The Latest Cases on Access to Divorce and the Bisexual Remarriage

There’s a wonderful monthly compilation of LGBT legal developments: Lesbian Gay Law Notes – edited by Professor Arthur Leonard.  This month’s issue tells of two recent cases that are illustrative of how the legal issues in our community are evolving.

On the hot topic of being “wedlocked” (being unable to get divorced because your home state doesn’t recognize your out-of-state marriage), the Florida 2nd District Court of Appeal recently reversed a trial court’s refusal to grant a lesbian couple a divorce of their Massachusetts marriage (Brandon-Thomas v. Brandon-Thomas, 2015 Fla. App. LEXIS 6051).  Even though Florida now allows same-sex marriages, this case arose prior to the invalidation of Florida’s DOMA law, and the Court rightly felt compelled to rule on the underlying legal issues.  To their credit, the judges understood that “access to divorce” is a basic right, and the Florida courts could not deny these Florida residence of this fundamental right.   The judges focused on the practical harm caused to the parties by not being allowed to process their divorce in their home state, pointing out that a divorce proceeding doesn’t really involve recognition of a marriage, as an ongoing relationship, but merely allows the couple to formally end their marriage.

If the United States Supreme Court rules favorably on either of the two questions before it (whether states have to allow same-sex couples to marry, and whether they have to honor out-of-state same-sex marriages), this problem will go away.  The good news is that an increasing number of states are realizing that denying access to divorce courts makes no rational or legal sense.  The better news will be when the Supreme Court renders this issue moot.
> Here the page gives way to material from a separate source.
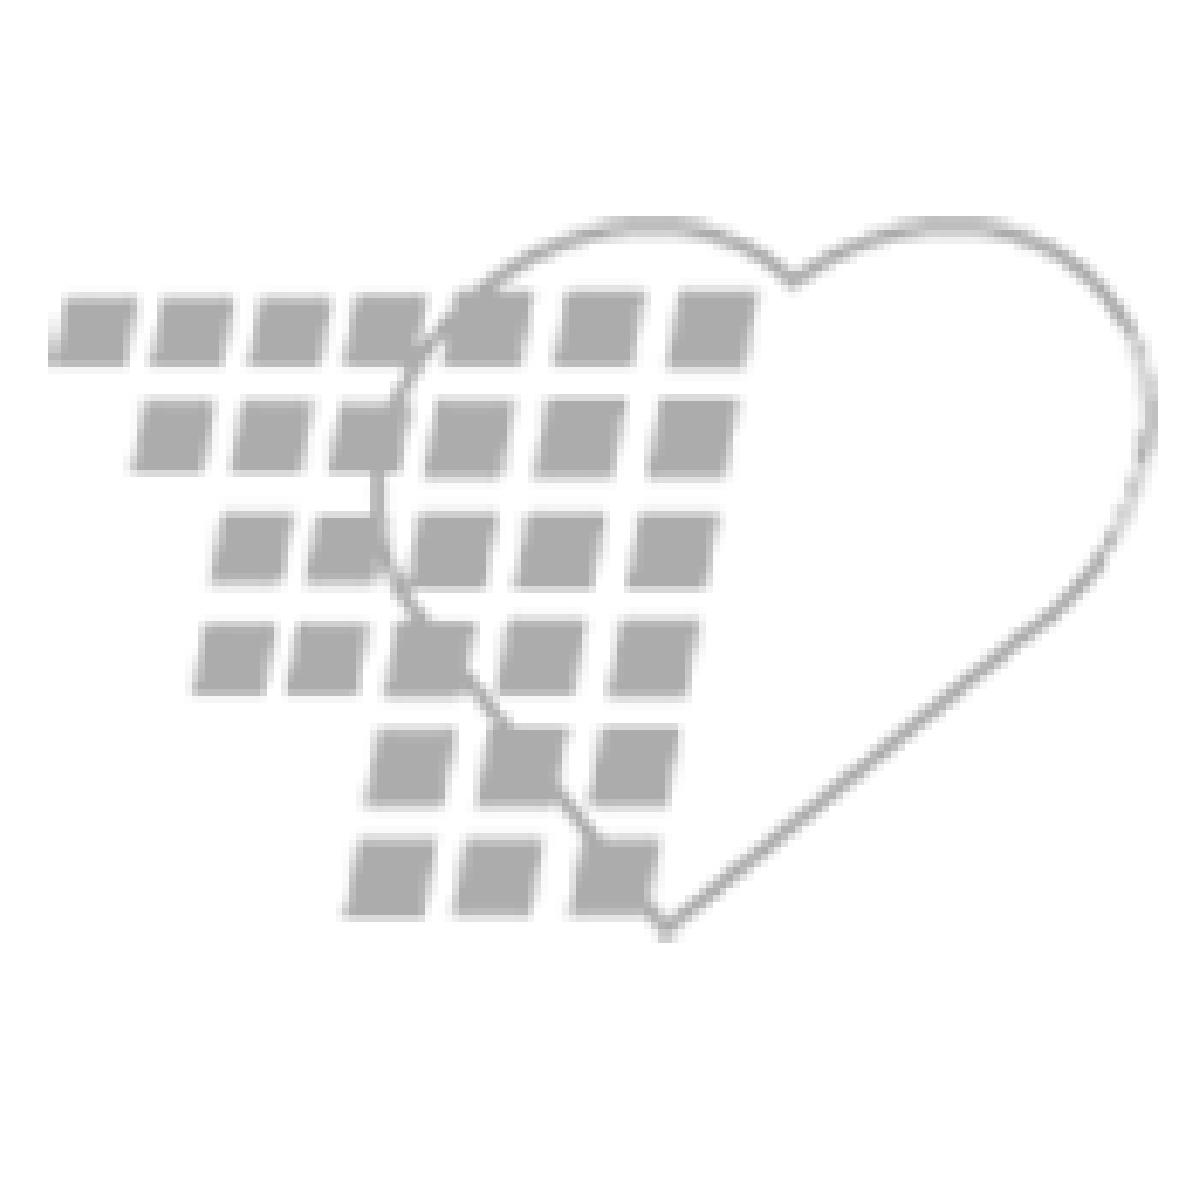 14-17-7254 Nasco Life/form® Simulated Individual Burn Roll - 1st Degree
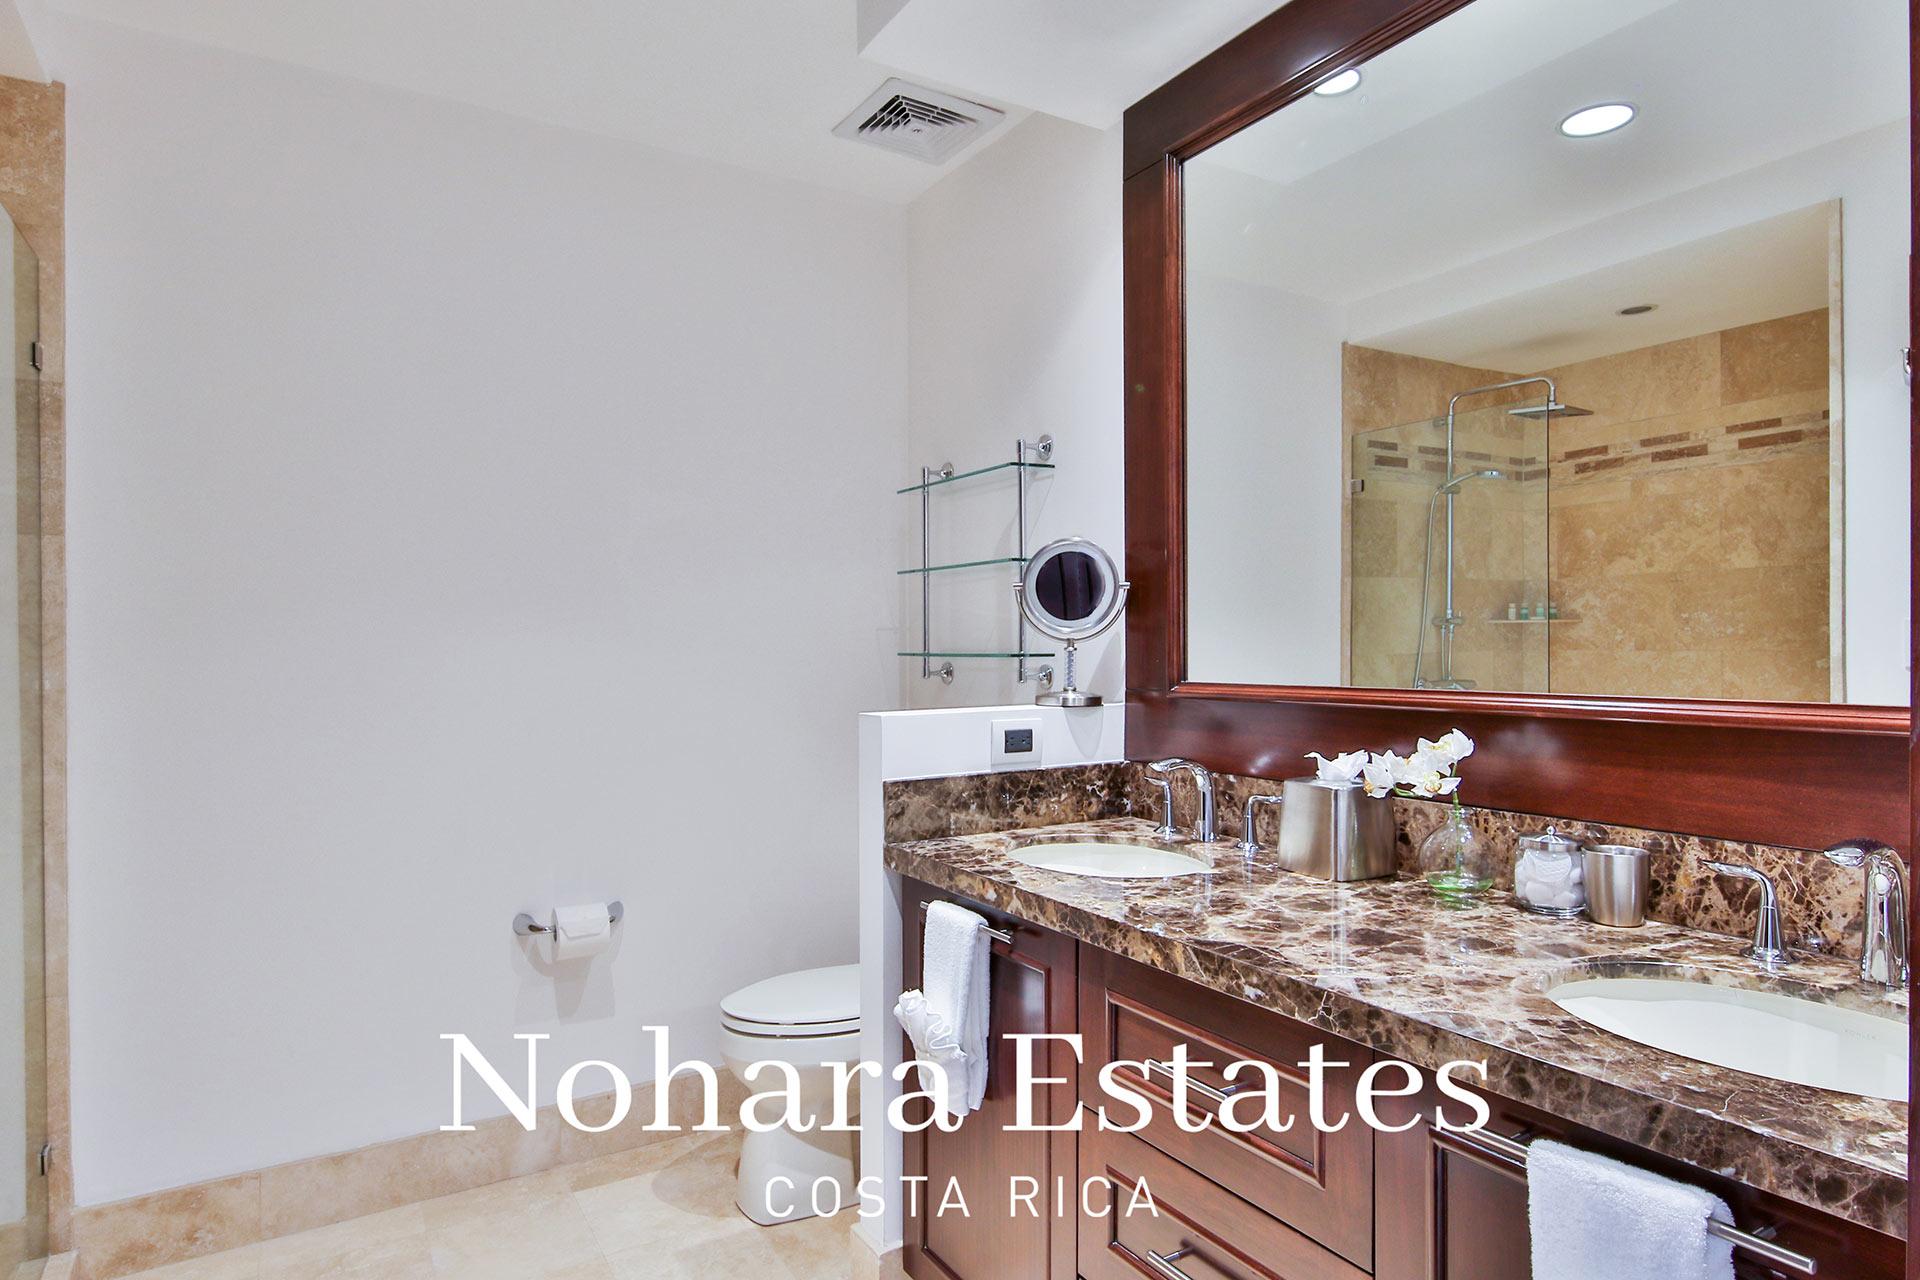 Nohara Estates Costa Rica Pacifico Playa Flamingo Pool Front Apartment 4

Once it is moot, we will be able to enjoy a new film in production — called Wedlocked.  It’s described as a comedic farce, telling the story of a lesbian couple unable to get divorced due to the hostile legal environments of many states.  Check out the website of the film in production:

On a more discouraging note, a Kentucky appeals court has ruled that the former lesbian partner of a bio-mom could not challenge the adoption of their child by the bio-mom’s new husband.  The case of WRL v. AH, 2015 Ky. App. LEXIS 52 demonstrates that there are indeed “Bs” in the LGBT community – with some rather nasty results.  Because the non-bio-mom had never obtained legal parentage over their child, and because Kentucky doesn’t honor intentional parentage of same-sex couples, the non-bio-mom had no legal rights.  Thus, when the bio-mom sought to allow her new husband adopt “her” child, the non-bio-mom had no legal basis of challenging the adoption.    We all applaud everyone’s right to exercise the bisexual option, but abandoning one’s former partner and co-parent in this way seems particularly cruel.

Next up – the Supreme Court’s decision on the marriage cases, expected to be issued the last week of June.